It’s been just revealed that Bitcoin miners’ balance has been dropping in the light of the disaster involving FTX. Check out the latest reports about Bitcoin.
Bitcoin miners’ balance slides
Bitcoin (BTC) miners or entities generating the cryptocurrency seem to be running down their coin stash amid the FTX-induced market panic.
Just to refresh your memory, during the past seven days, the balance held in miner wallets has declined by 9,402 BTC to a ten-month low of 1.826 million BTC ($30.6 billion). The info is according to data tracked by blockchain analytics firm Glassnode.
The miner net position change, or the 30-day change of BTC supply held in miner addresses, slipped to -10,972 BTC on Thursday, the lowest since early January.
It’s been reported that the sell-off could continue in the days ahead, analysts told CoinDesk. Such a thing would worsen the situation for miners, who have been facing high operational costs.

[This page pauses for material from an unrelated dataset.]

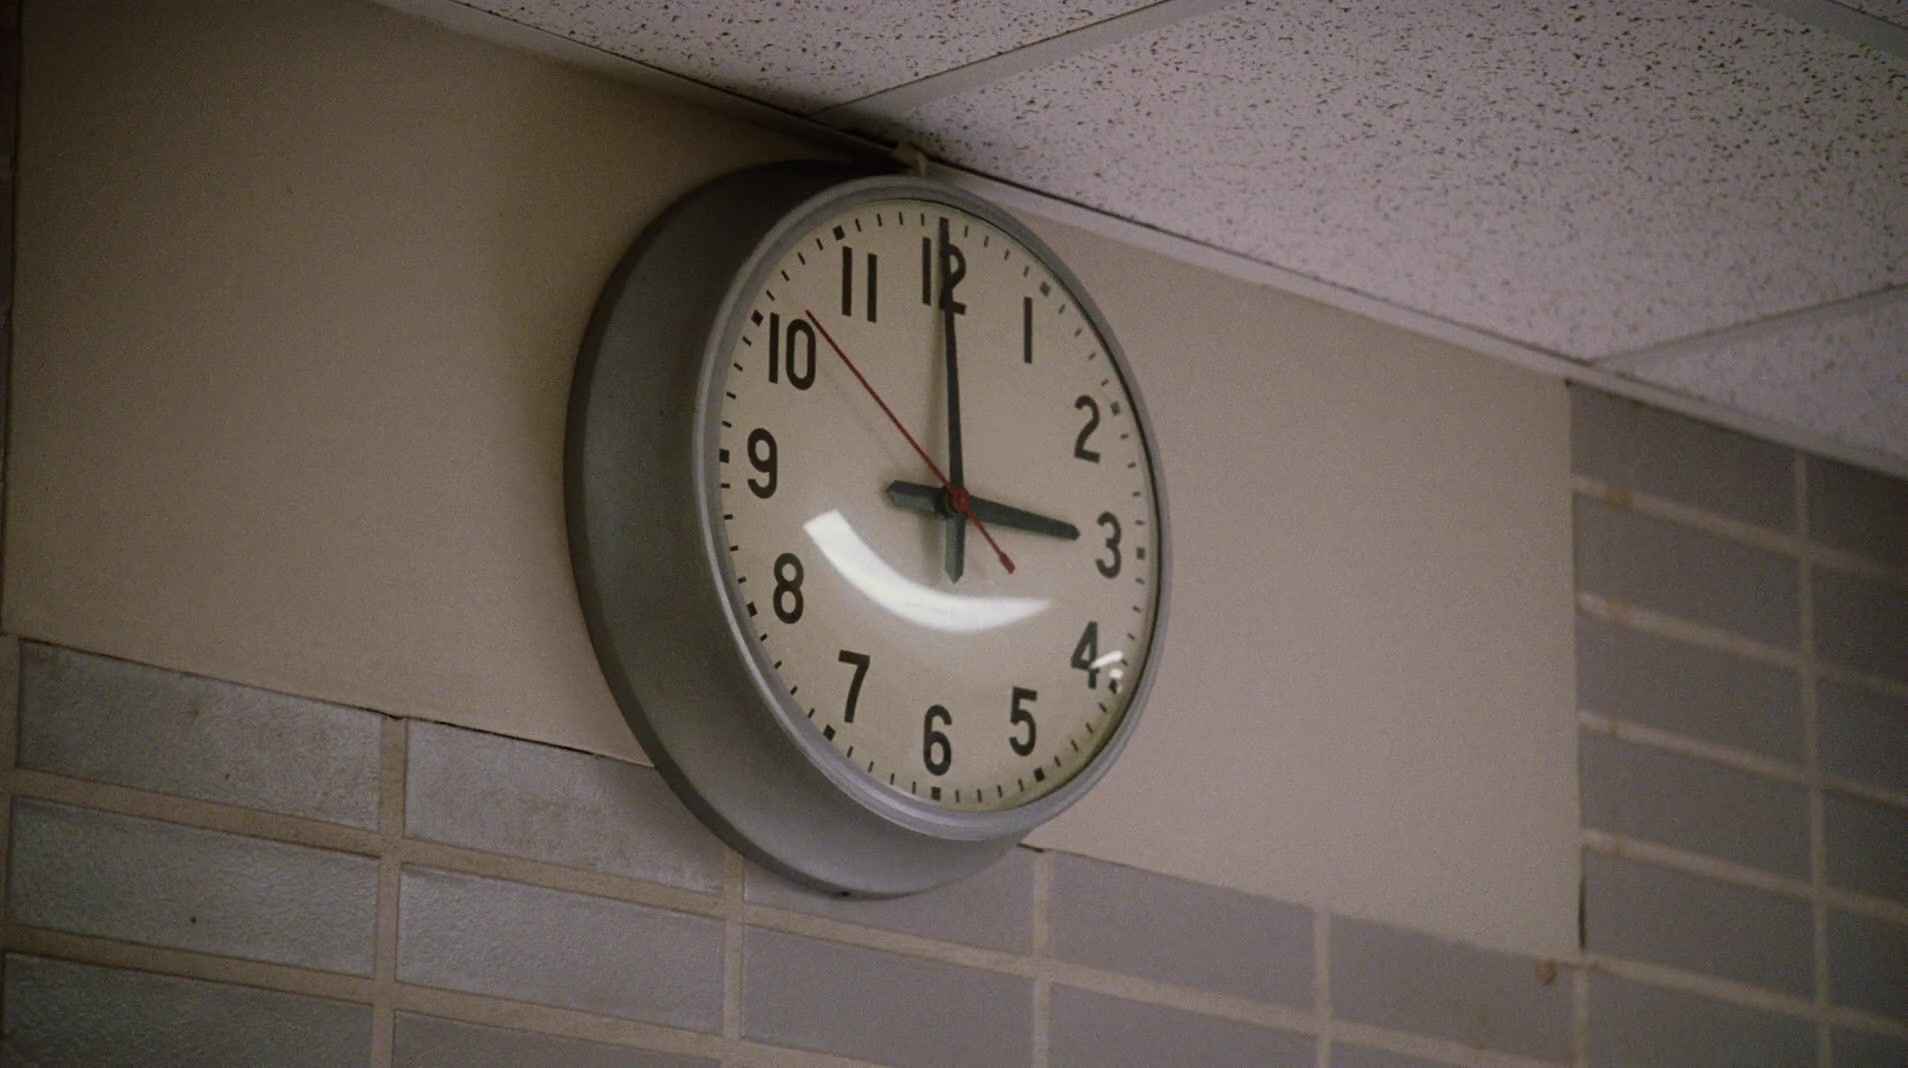 perks of being a wallflower clocks
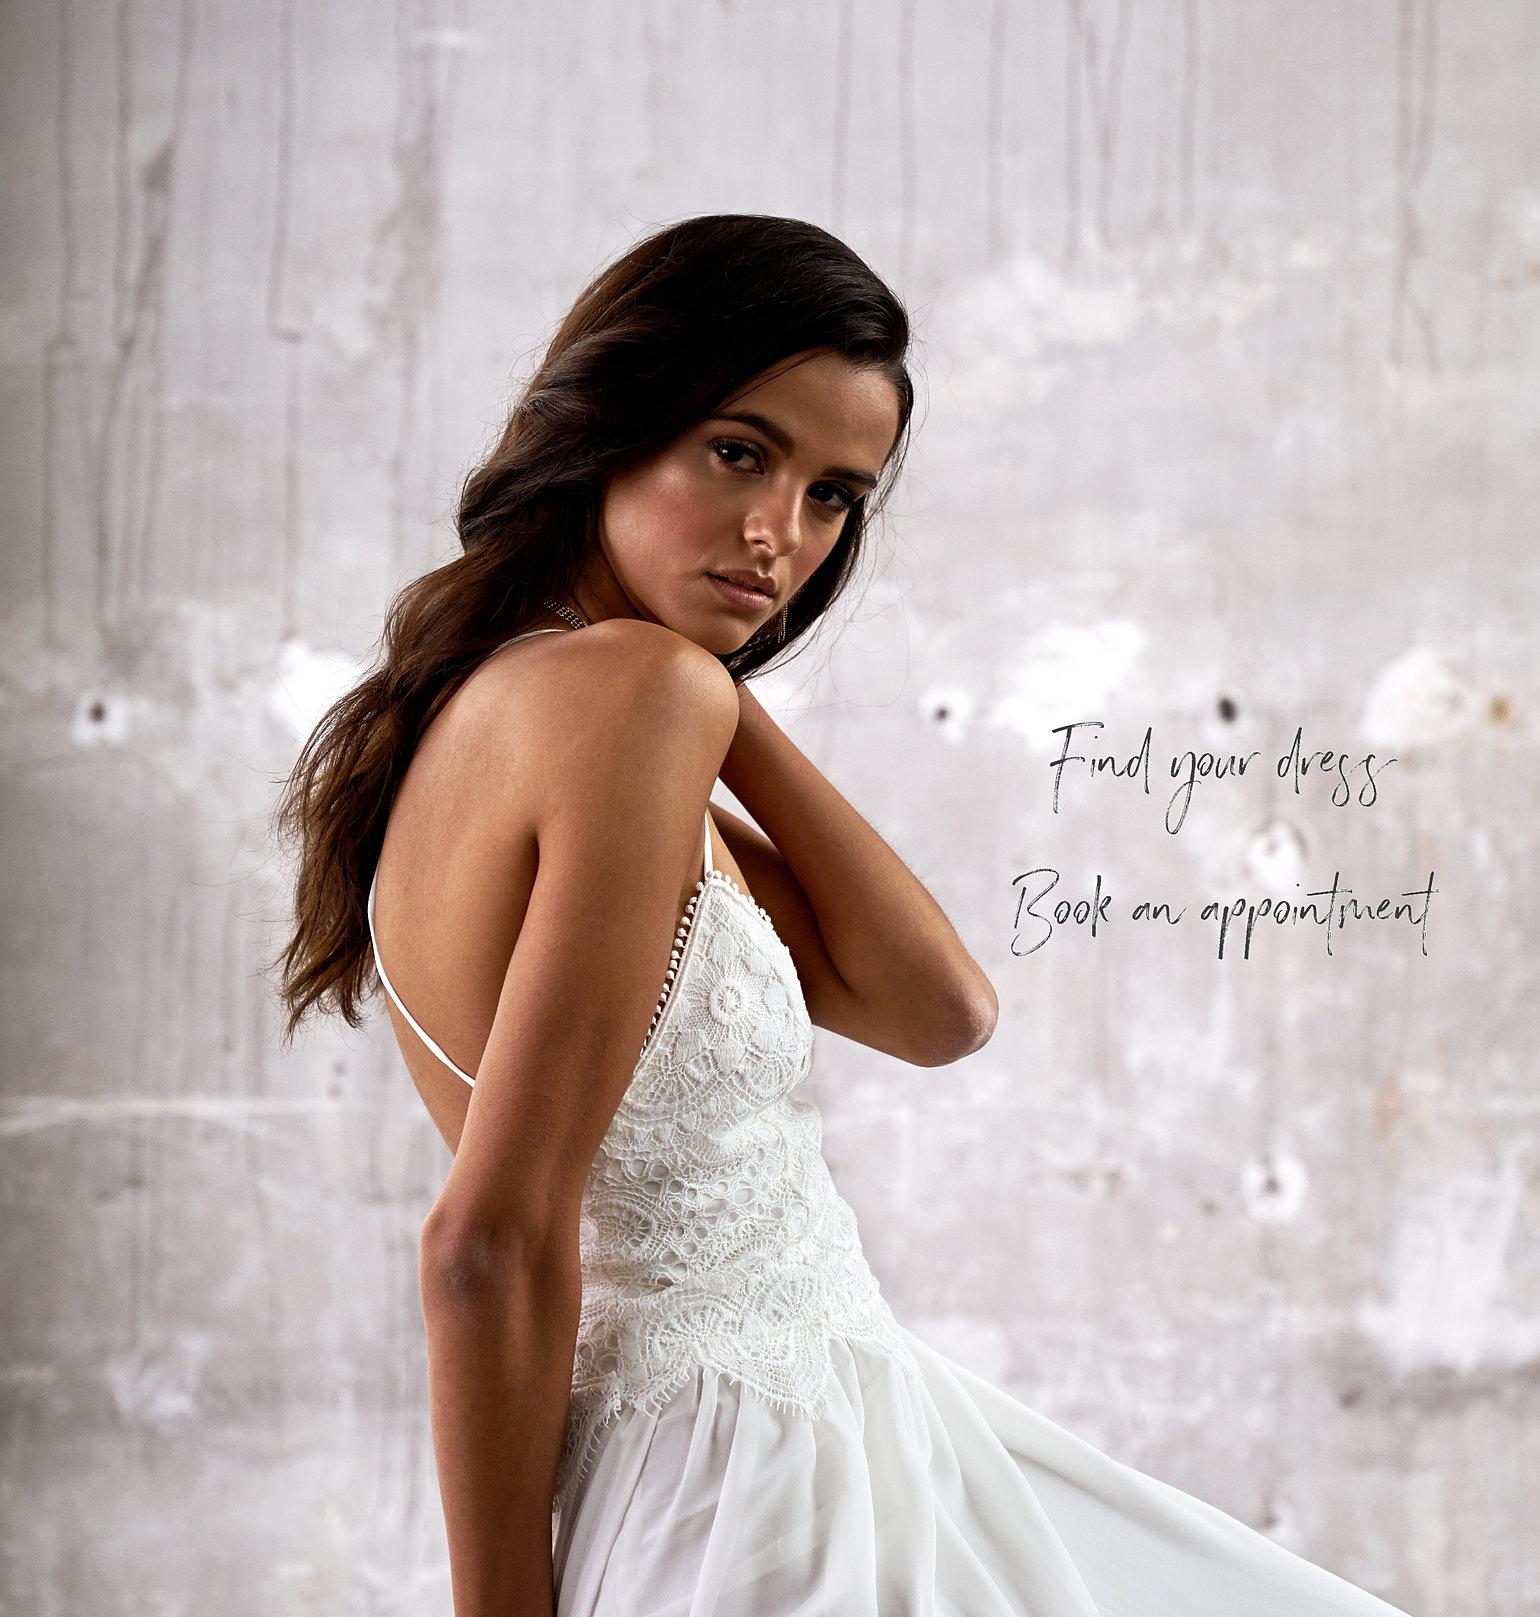 Brautkleider im modernen Boho Look | Mannheim | kiligdress

“Bitcoin mining companies have struggled this year, with the fall in the price of the largest cryptocurrency and rising energy prices (and operating costs) leading to a decline in revenue. As a result of this, mining firms have been heavily selling their underlying holdings, leading to significant net outflows over the last six months,” data provider CryptoCompare said in the October review.
CZ explains FTX collapse
The CEO of the world’s largest crypto exchange is revealing why the potential deal with former competitor and bankrupt firm FTX failed to go through.
During an interview at the 2022 Indonesia Fintech Summit, Changpeng Zhao said that rescuing FTX from bankruptcy did not make sense for Binance from both business and legal standpoints.
“From our perspective, the deal did not make sense from a numbers front. From a financial perspective, it’s a big hole. From new users, we have very high overlap. We cover all the regions they cover, and they have much less users than us. From a technology or product perspective, I think we have a superior product. They don’t have anything that we don’t have.”